Young Lonigan: A Boyhood in Chicago Streets
- Author: James T. Farrell
- Language: English
- Series: William "Studs" Lonigan
- Publisher: Vanguard Press
- Publication date: 1932
- Publication place: United States

= Young Lonigan =

1932 novel by James T. Farrell

Young Lonigan: A Boyhood in Chicago Streets is a 1932 novel by James T. Farrell. It is the first part of a trilogy about William "Studs" Lonigan, a young Irish-American growing up in Chicago.

==Plot==
The story begins in 1916, as 14-year-old Studs is graduating from a Catholic elementary school. Studs is the eldest of Patrick and Mary Lonigan's four children. Patrick Lonigan, a genial undemanding father, is a successful painting contractor. He plans to send Studs to a prestigious Catholic high school, where he hopes his athletic son will become a football star. Studs' mother, on the other hand, wants desperately for her son to become a priest.

Studs seems to have a bright future in many ways: he is intelligent, popular, a good athlete, and an imaginative boy with a good heart. He is in love with classmate Lucy Scanlan, whom he dreams of constantly and spends some tender moments with.

Even at the age of 14, however, Studs demonstrates all the flaws that will ultimately ruin him and lead him to an early death. More than anything else, Studs wants to be perceived as a tough guy and a big shot. Winning and maintaining this image is so important to him that he will throw away his chance at an education, push away Lucy Scanlan, and destroy his health.

Studs genuinely loves Lucy Scanlan, but after spending a memorable, romantic afternoon in the park with her, he begins to shun her and avoid her. He imagines his stoic machismo will make him more appealing to her. Instead, he alienates her completely. But his self-image as a tough guy prevents him from reaching out to her and causes him to reject efforts by friends to reconcile them.

The high point of the novel, ultimately the high point of Studs' life, comes when Studs bests neighborhood bully "Weary" Reilly in a streetcorner fistfight. Though this was only a sloppy fight between two schoolboys, the fight takes on mythic proportions in Studs' mind and memories. For as long as he lives, Studs will remember this fight and remind people of it, as if it were his greatest accomplishment.

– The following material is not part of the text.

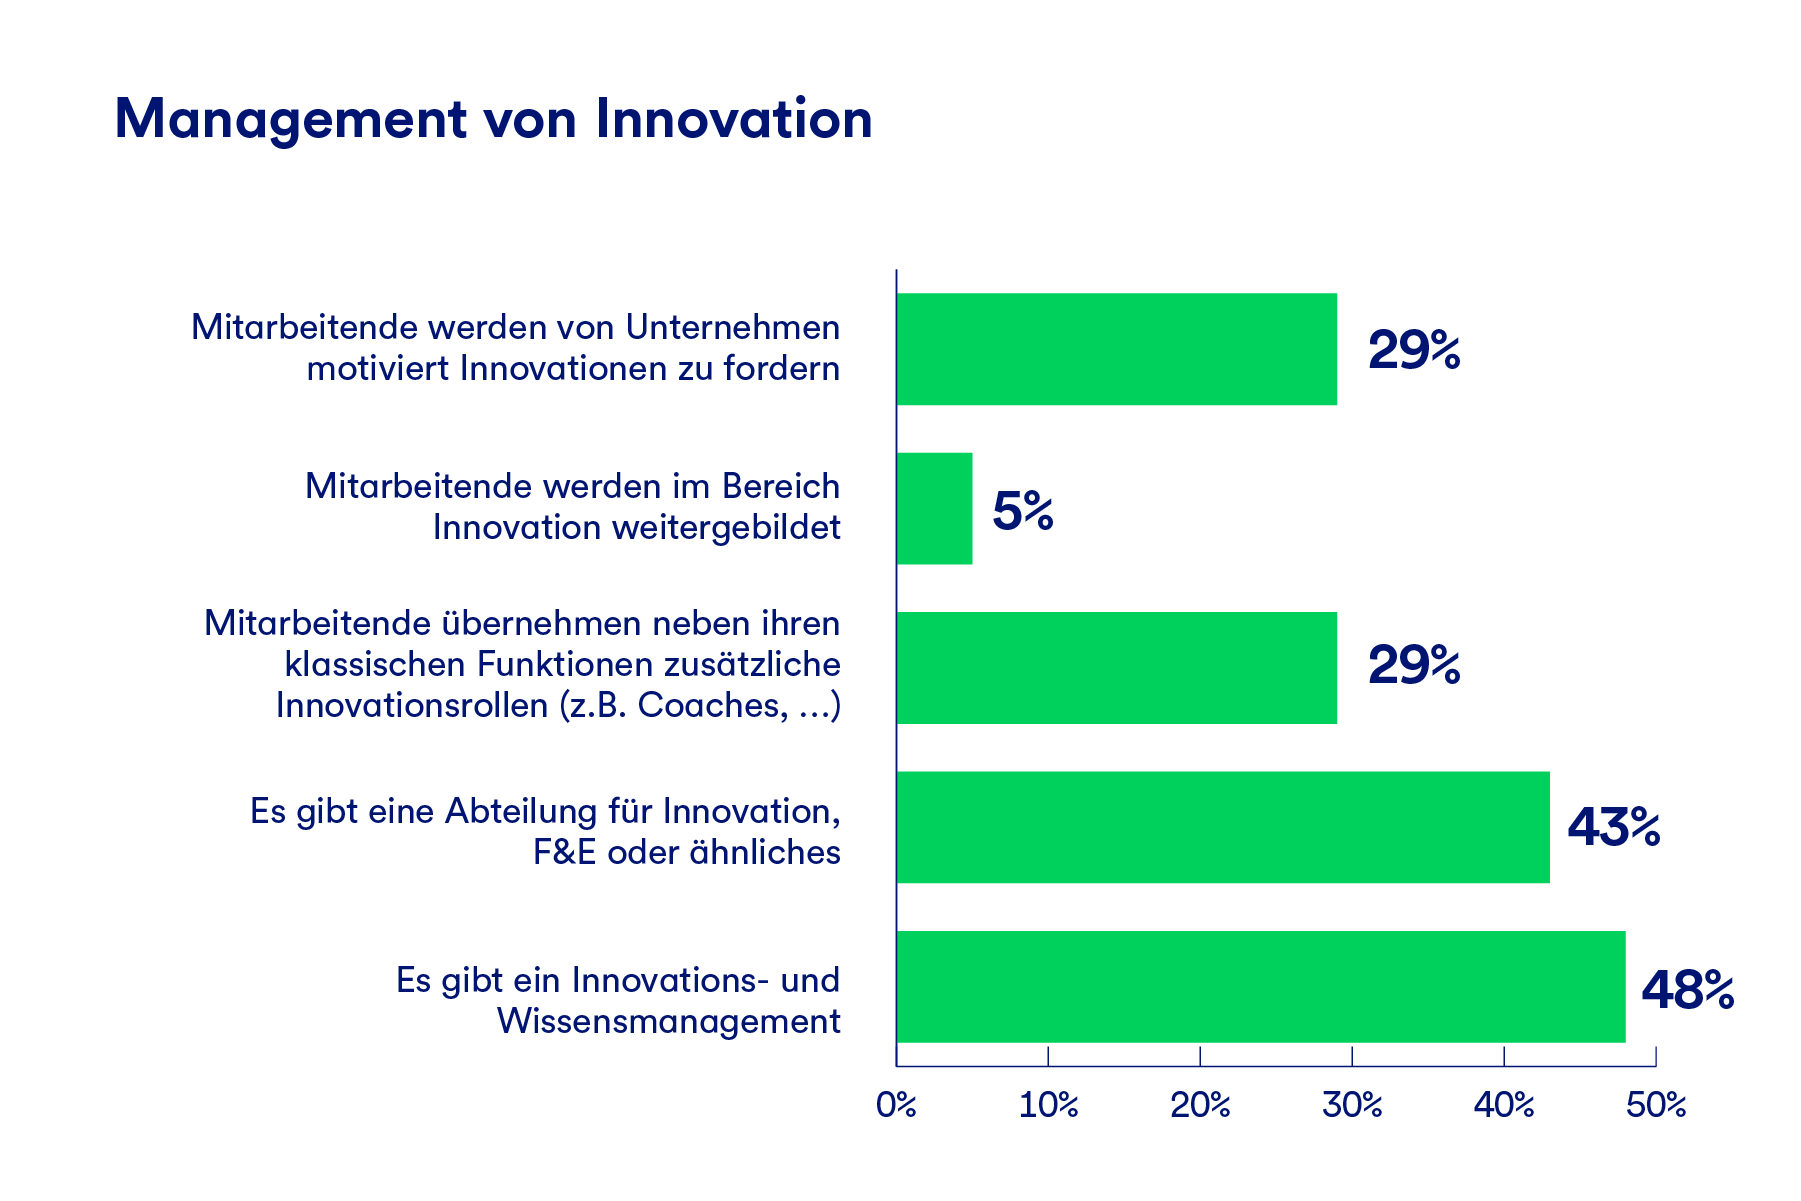 Eine Grafik die zeigt wie Unternehmen Management von Innnovationen umsetzen. Fast die Hälfte der Unternehmen hat ein Wissens- und Innovationsmanagement, 43% haben eine eigene Abteilung für Innovationsthemen.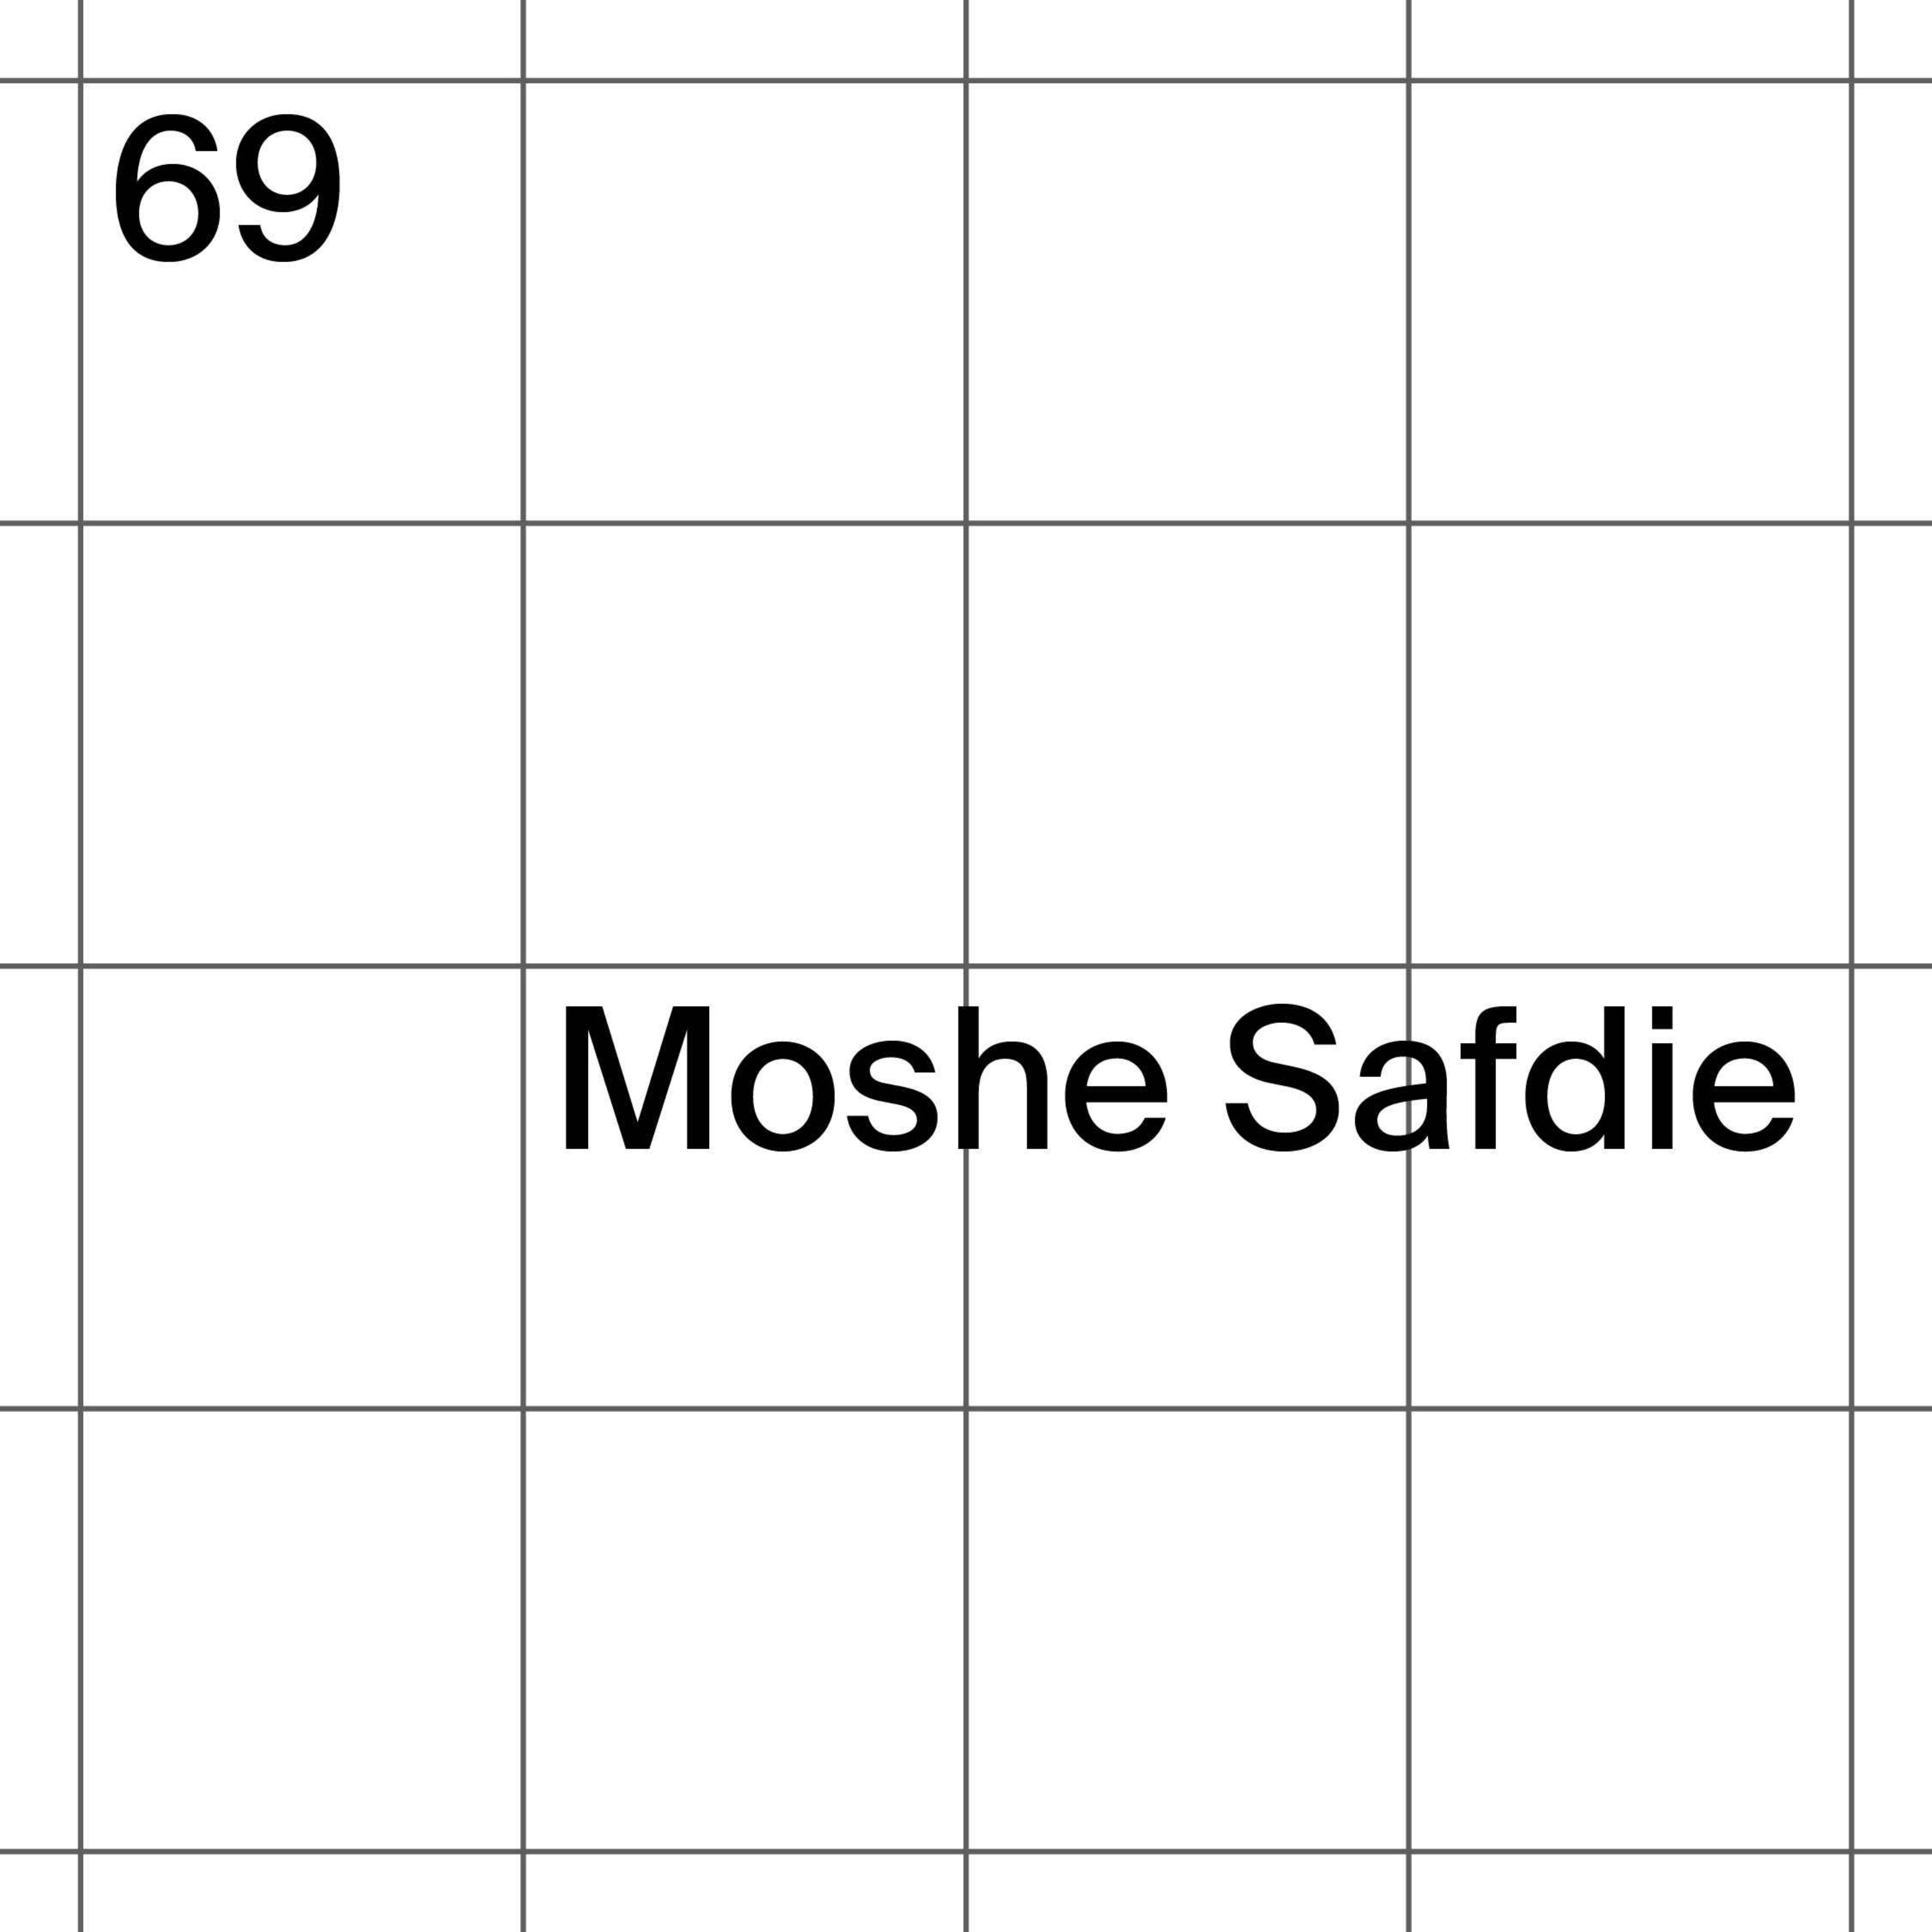 69: Moshe Safdie

His victory over Weary Reilly elevates Studs in the eyes of the neighborhood's tough guys and thugs, whose respect Studs craves. He starts to shun his older friends, whom he now regards as "punks," and starts hanging out at the pool hall with a rougher crowd. Studs and his new gang spend their time smoking, seeking sexual conquests, and tormenting black or Jewish kids who stray into their turf. Studs, who had been looking forward to attending high school, starts mocking education and talking about dropping out of school entirely.

Though Studs is still just a boy at the end of the novel, it is already clear that his life is heading in a dangerous direction.

== Controversy ==
The book contains numerous racial slurs that would have been typical of the working-class Irish Catholics living on Chicago's South Side during the period Farrell is depicting, 1915–1931, including offensive terms for Jews, African-Americans, Italians, and Eastern Europeans. Some 21st century readers have assumed these words reflect the author's own sentiments, even though Studs is an anti-hero, and one of the only sympathetic characters in the trilogy, Davey Cohen, is Jewish. Academic critics such as Ann Douglas have pointed out that Farrell, was, in fact, highly critical of the social milieu of his youth, and that the racially-charged language accurately reflects the ethnic violence prevalent in Chicago during the Great Migration.

The police chief in Youngstown, Ohio, Edward J. Allen Jr., tried to ban the book in 1953 as "indecent" and "immoral," citing the cover of the paperback version which showed a group of boys looking at two attractive girls. He said the scene represented "the kind of ogling ... which our police officers would break up if they saw it." He was overruled by U.S. Federal Court Judge Charles J. McNamee.